Only the pictures should be left out; repeat the rest of the data exactly.

Given data:
____________
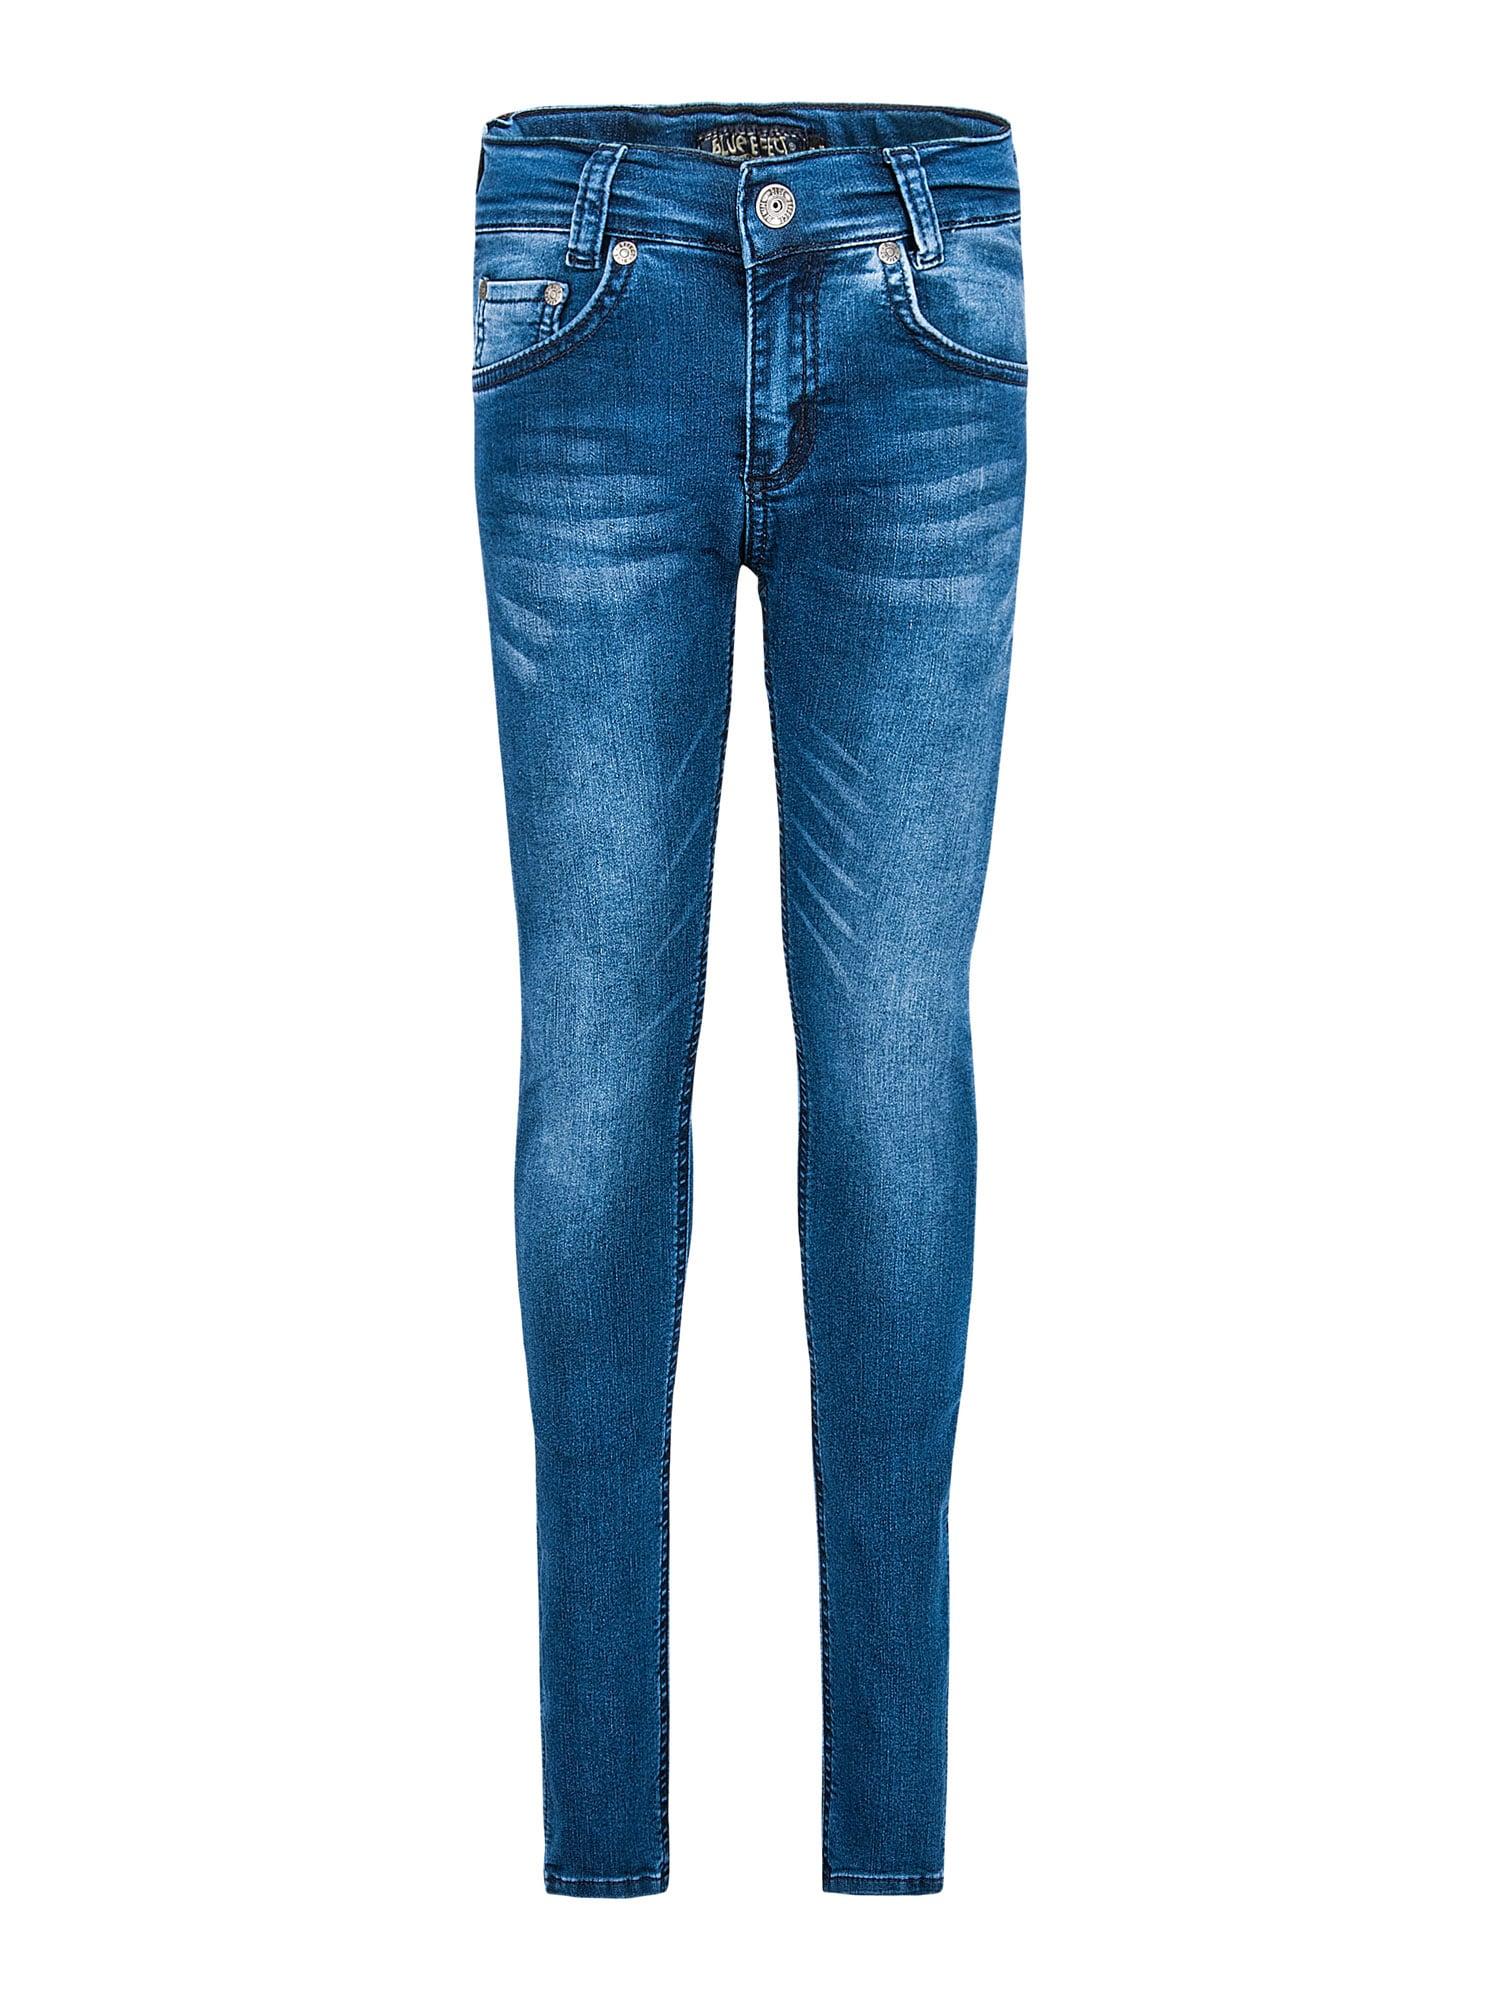 BLUE EFFECT Džinsai tamsiai (džinso) mėlyna
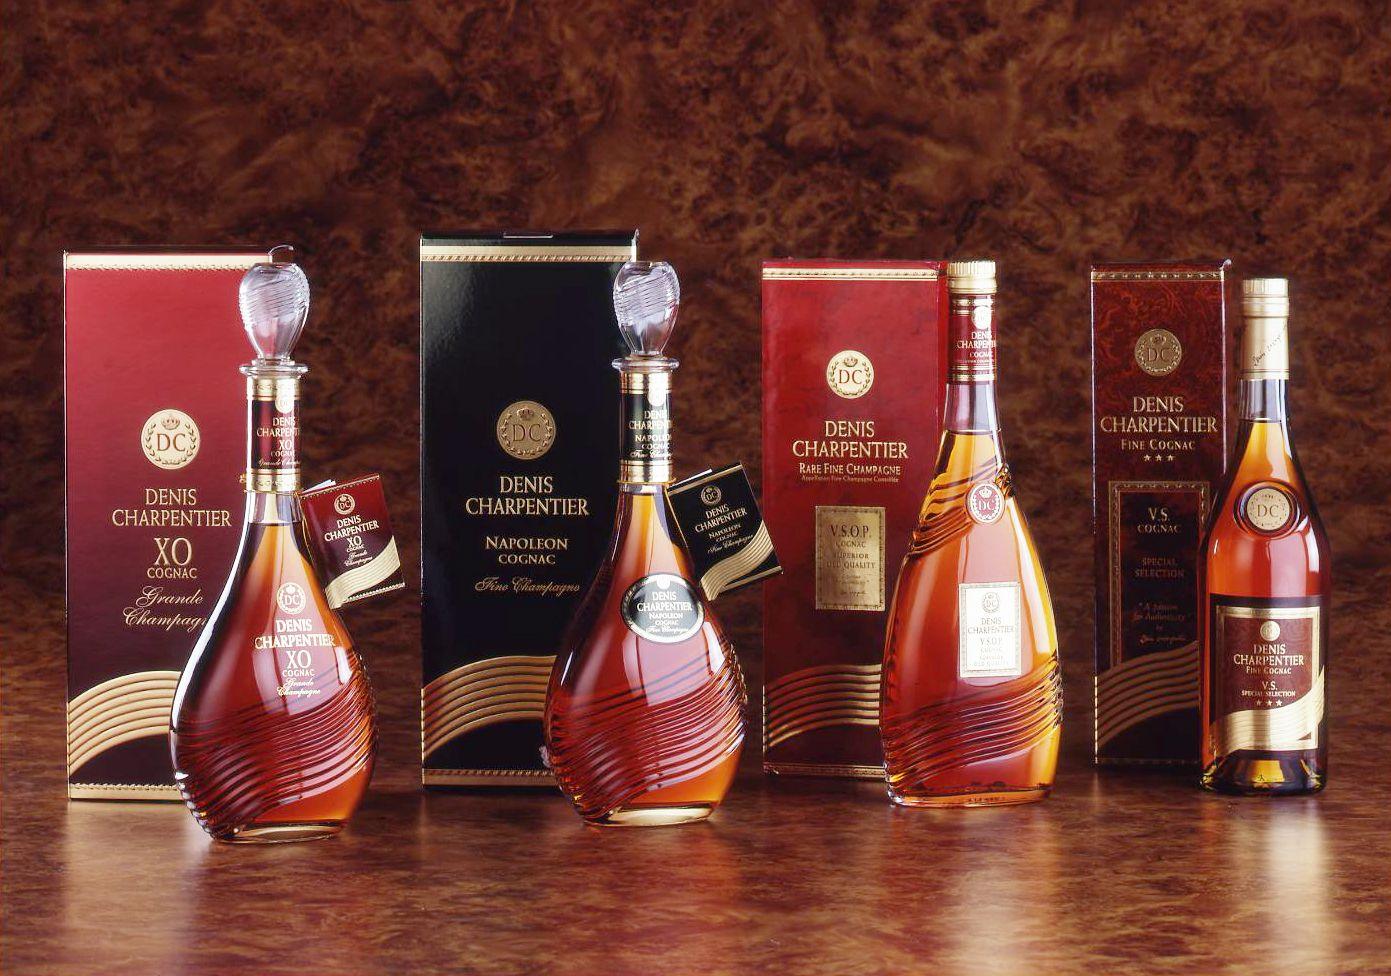 Denis Charentier Gamme Cognac Memento Linea Wine Bottle Liquor Bottles Bottle Packaging
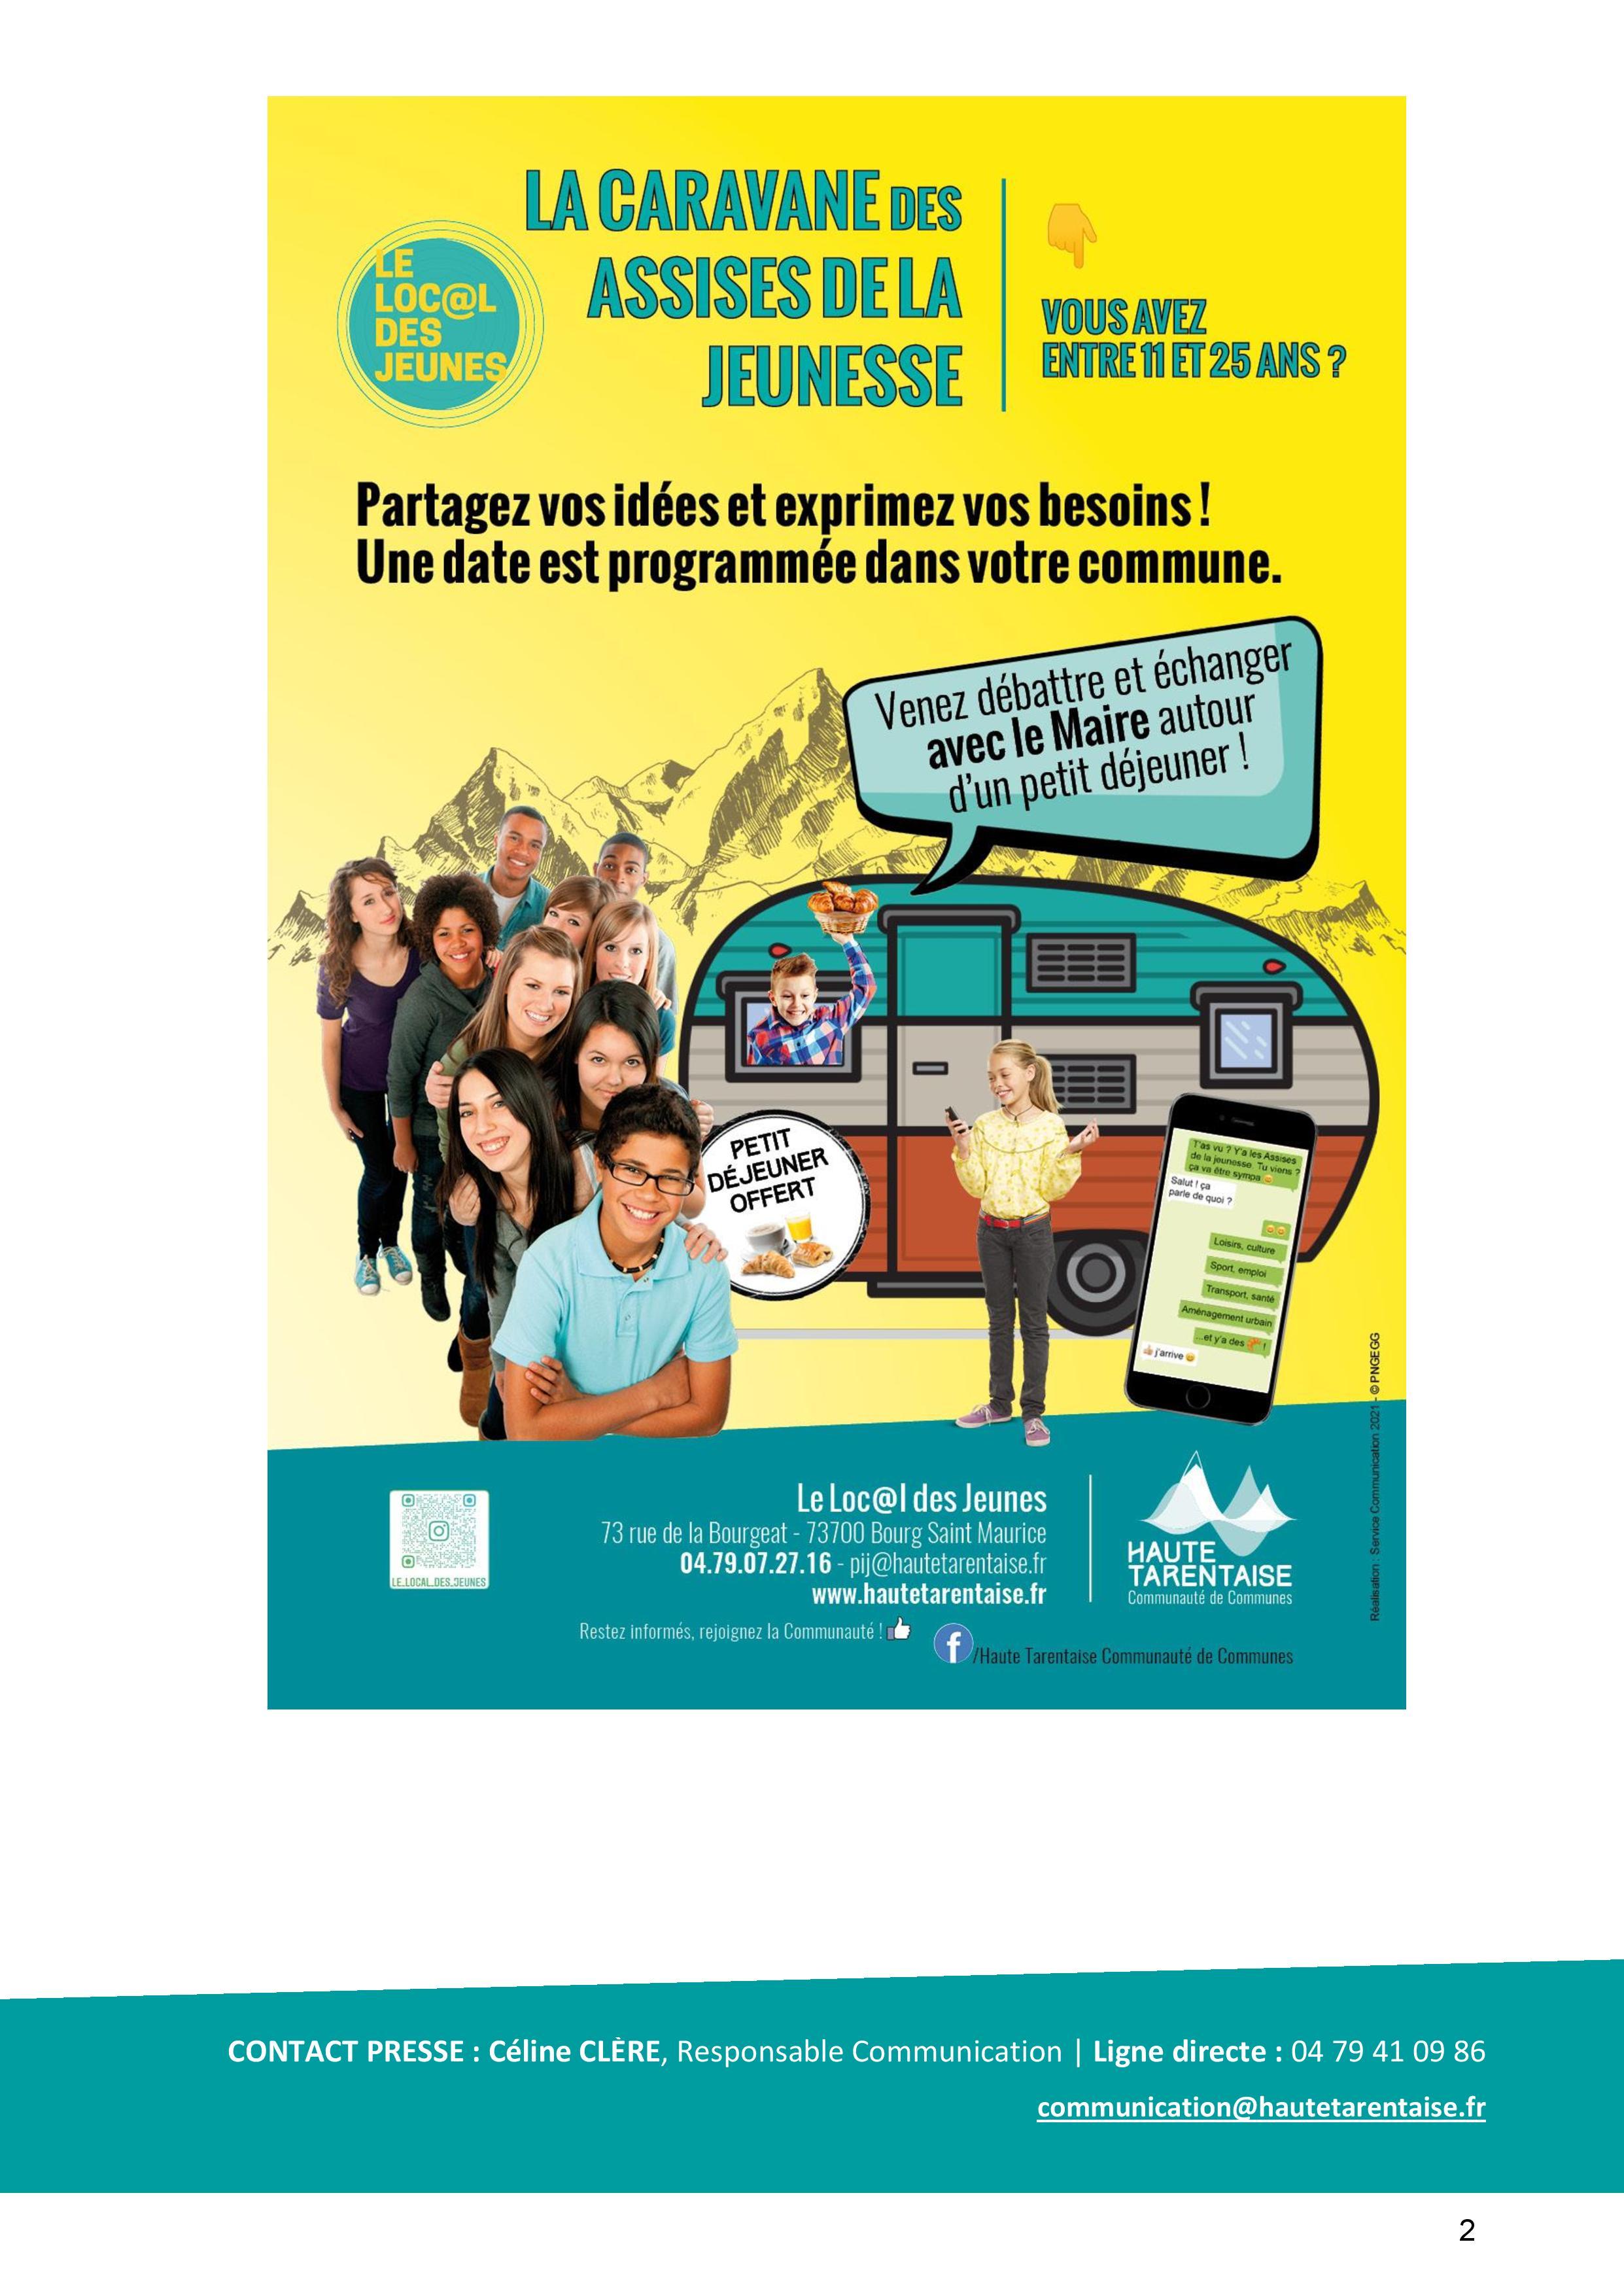 CP_caravane_assises_jeunesse_30.08.21-page-002.jpg
____________
Solved problem:
 BLUE EFFECT Džinsai tamsiai (džinso) mėlyna
 Denis Charentier Gamme Cognac Memento Linea Wine Bottle Liquor Bottles Bottle Packaging
 CP_caravane_assises_jeunesse_30.08.21-page-002.jpg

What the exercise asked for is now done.